## Exercise instructions
Copy the entries word for word. Keep the pictures out.

● ● ● ●

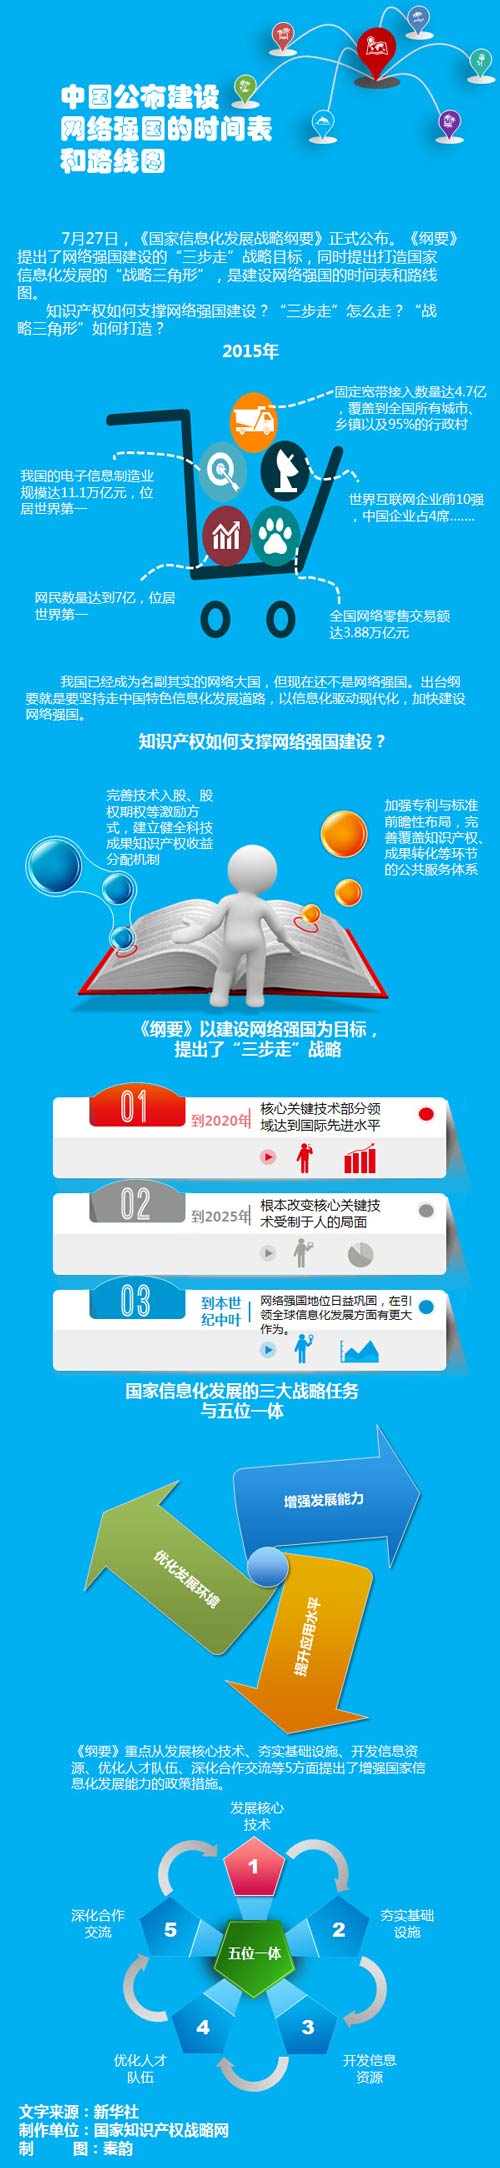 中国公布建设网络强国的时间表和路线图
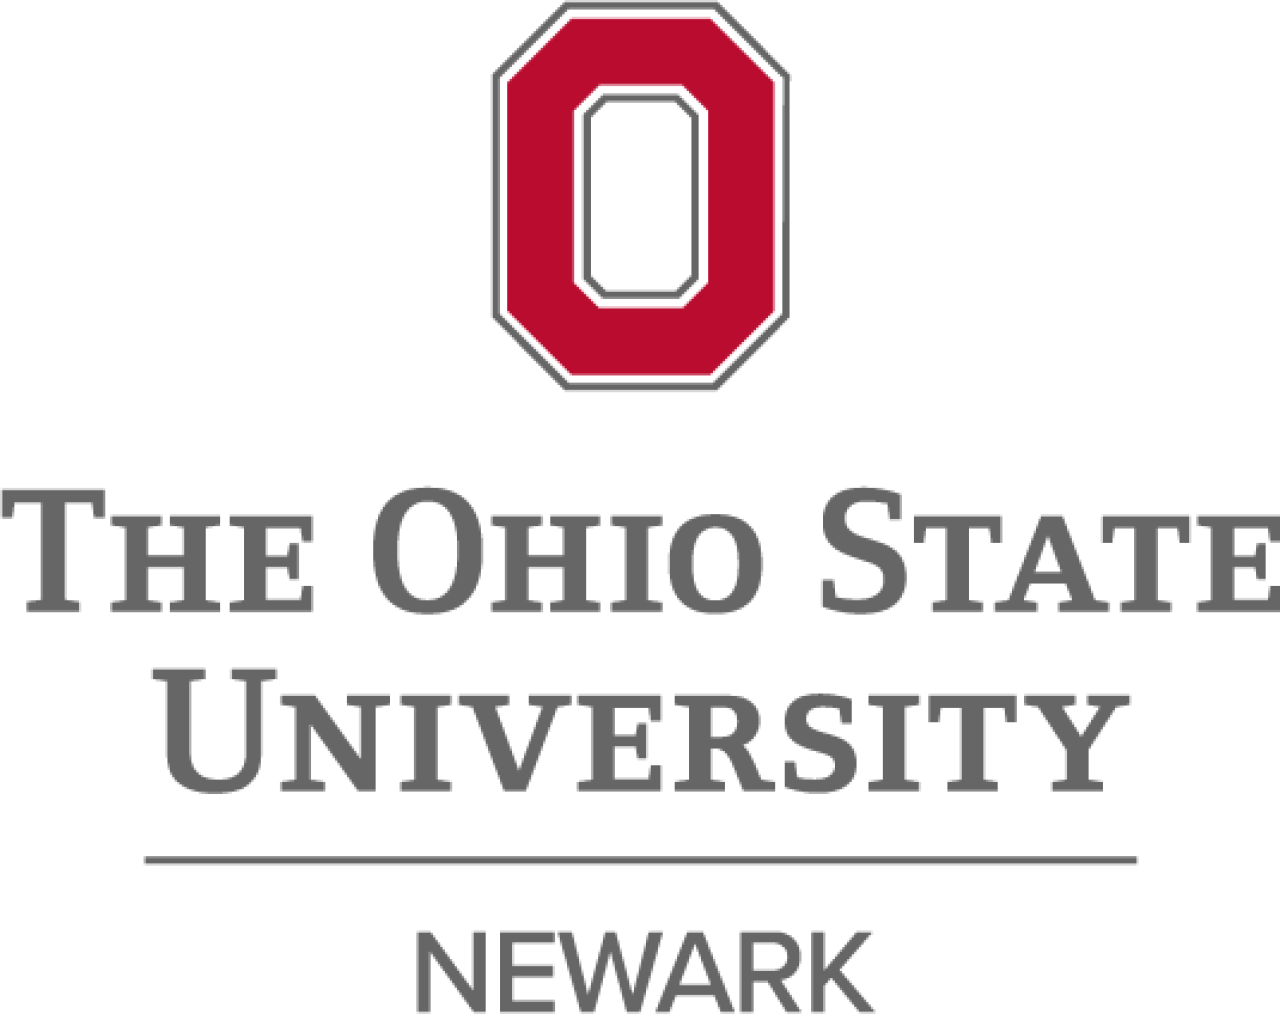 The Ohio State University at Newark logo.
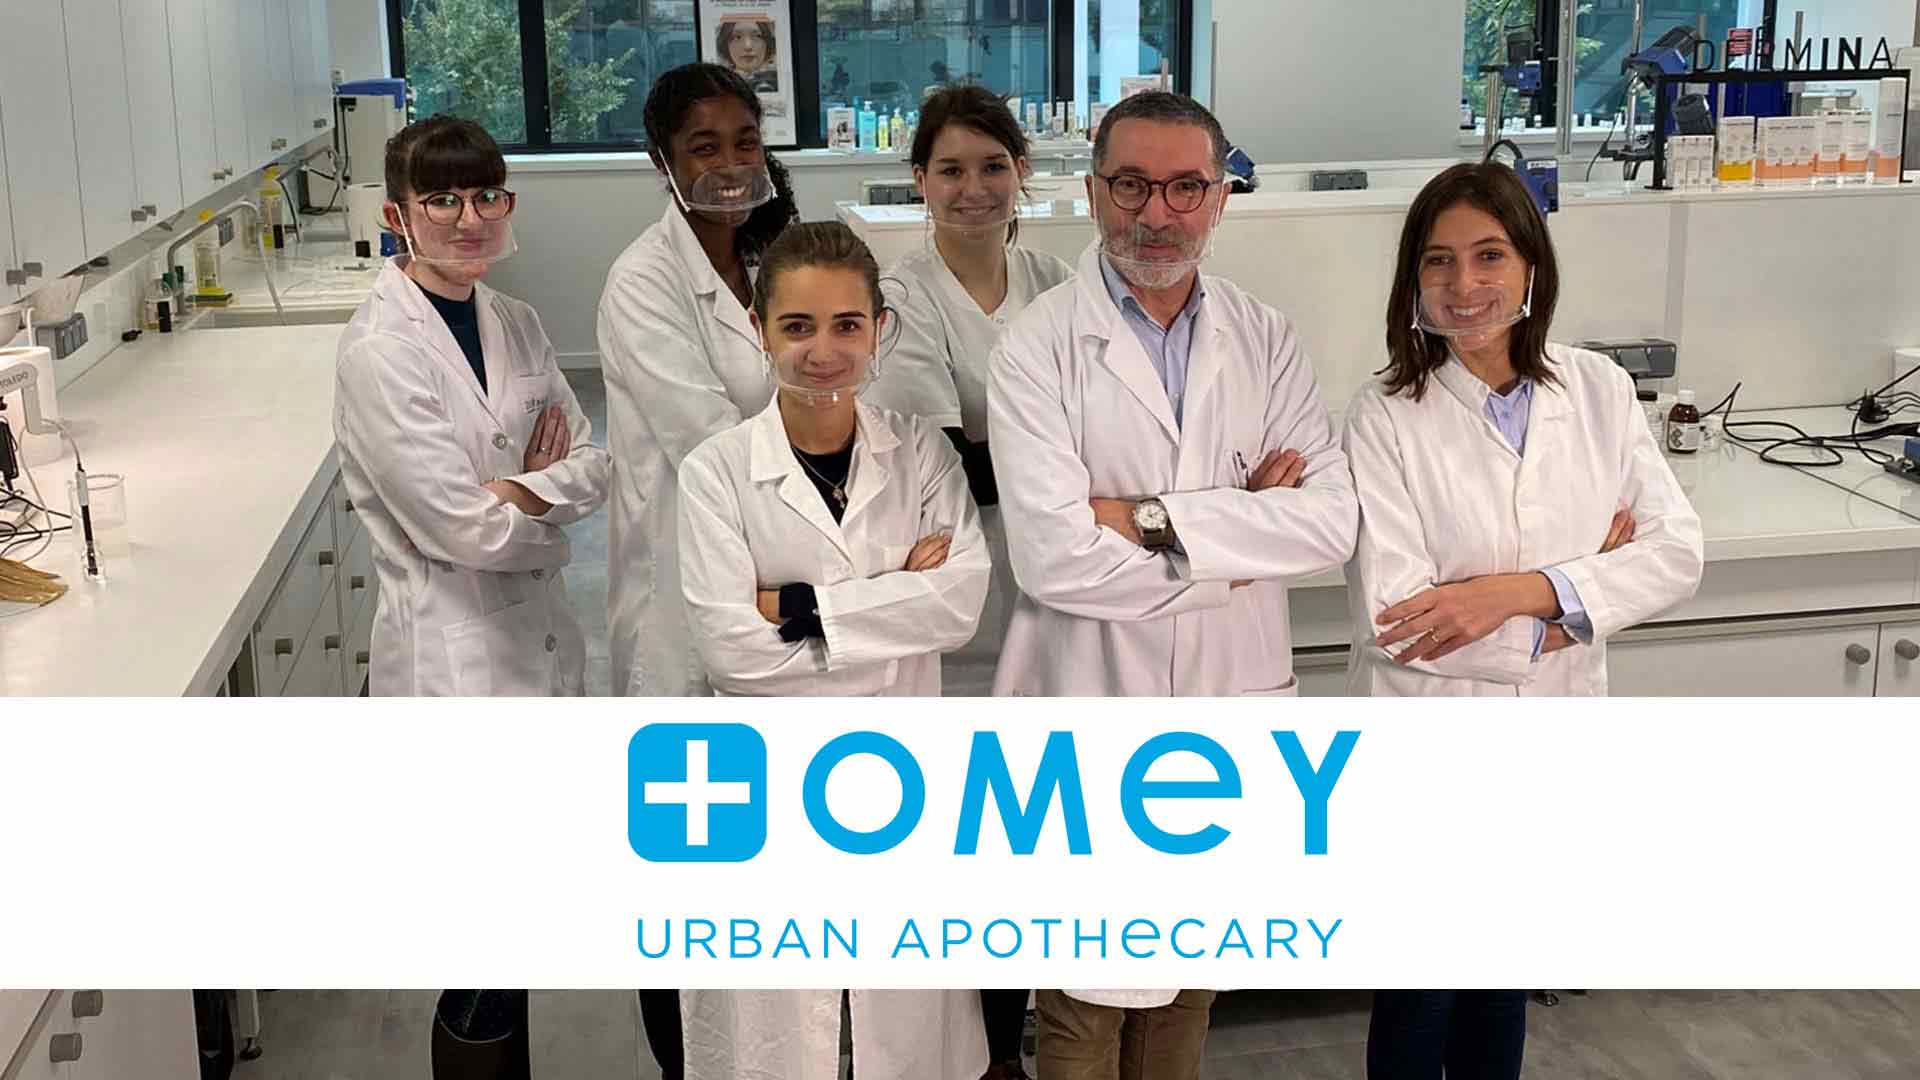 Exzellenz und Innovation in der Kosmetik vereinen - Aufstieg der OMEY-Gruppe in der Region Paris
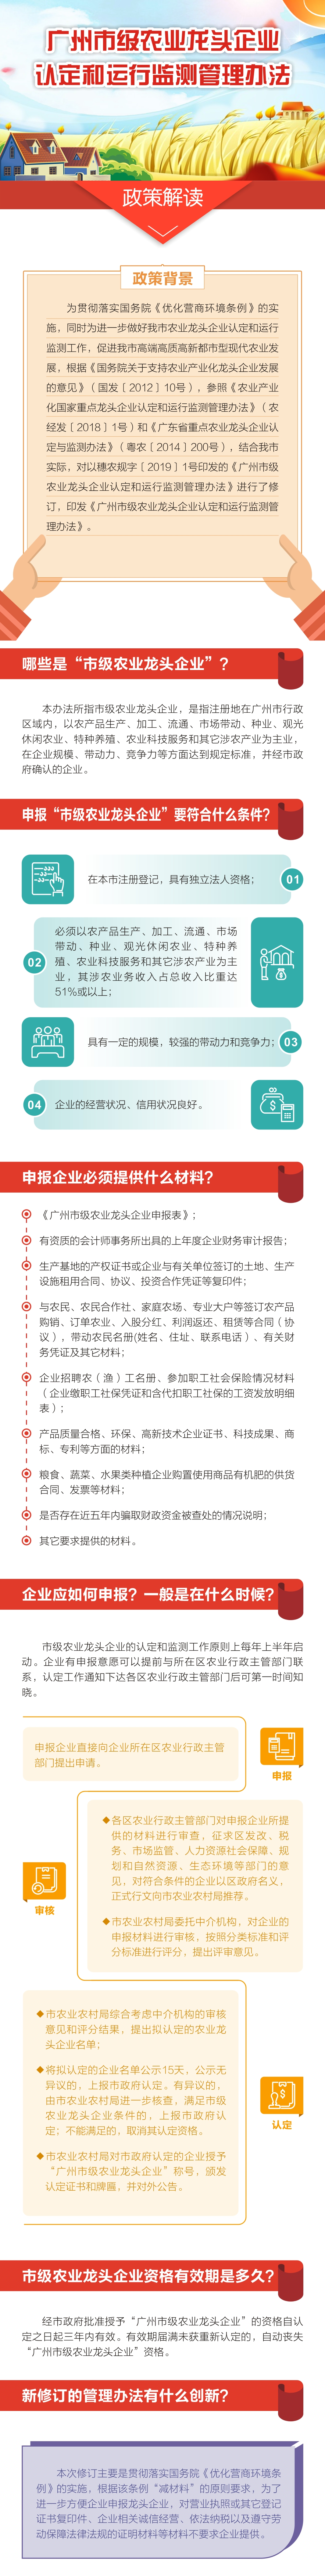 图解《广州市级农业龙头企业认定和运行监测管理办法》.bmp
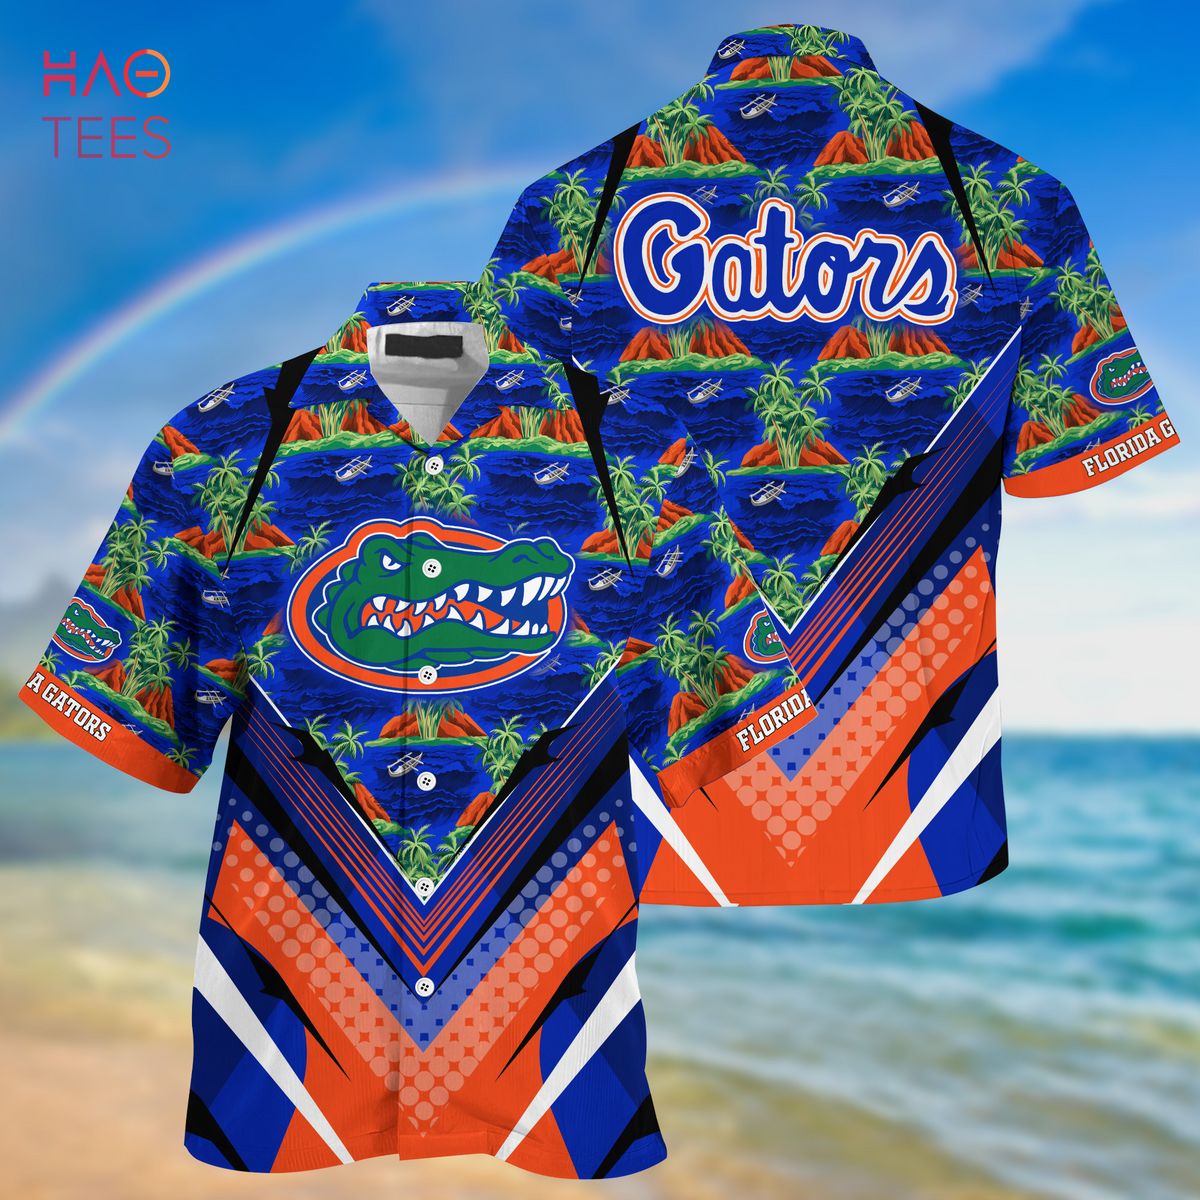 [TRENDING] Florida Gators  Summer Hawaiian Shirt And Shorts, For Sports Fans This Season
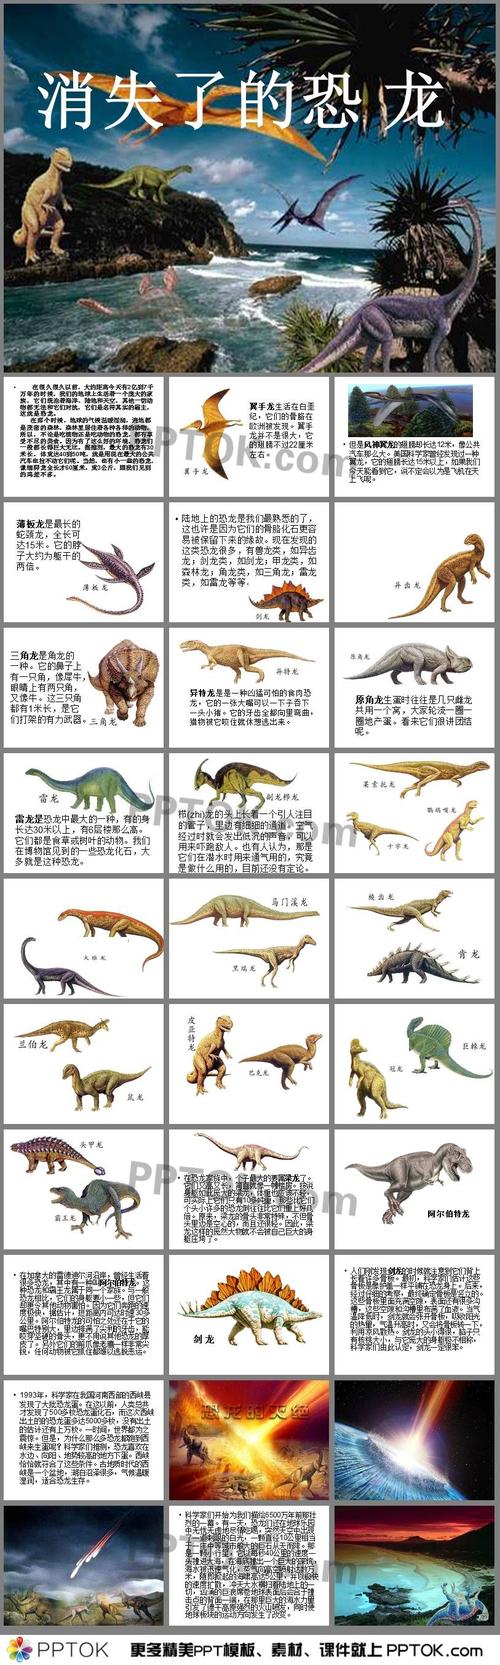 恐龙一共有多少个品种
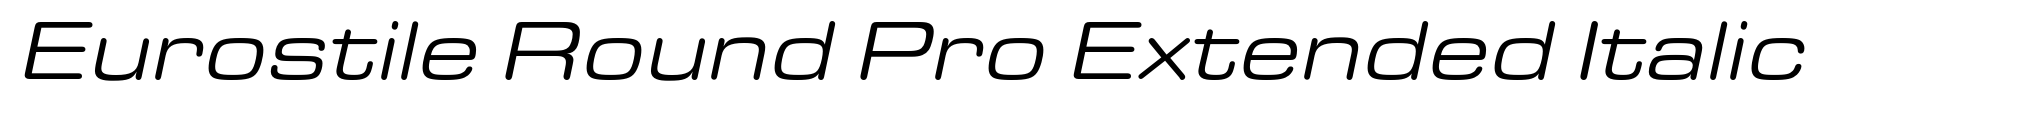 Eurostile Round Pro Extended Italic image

● ● ● ●

## Response to the exercise
 中国公布建设网络强国的时间表和路线图
 The Ohio State University at Newark logo.
 Exzellenz und Innovation in der Kosmetik vereinen - Aufstieg der OMEY-Gruppe in der Region Paris
 图解《广州市级农业龙头企业认定和运行监测管理办法》.bmp
 [TRENDING] Florida Gators  Summer Hawaiian Shirt And Shorts, For Sports Fans This Season
 恐龙一共有多少个品种
 Eurostile Round Pro Extended Italic image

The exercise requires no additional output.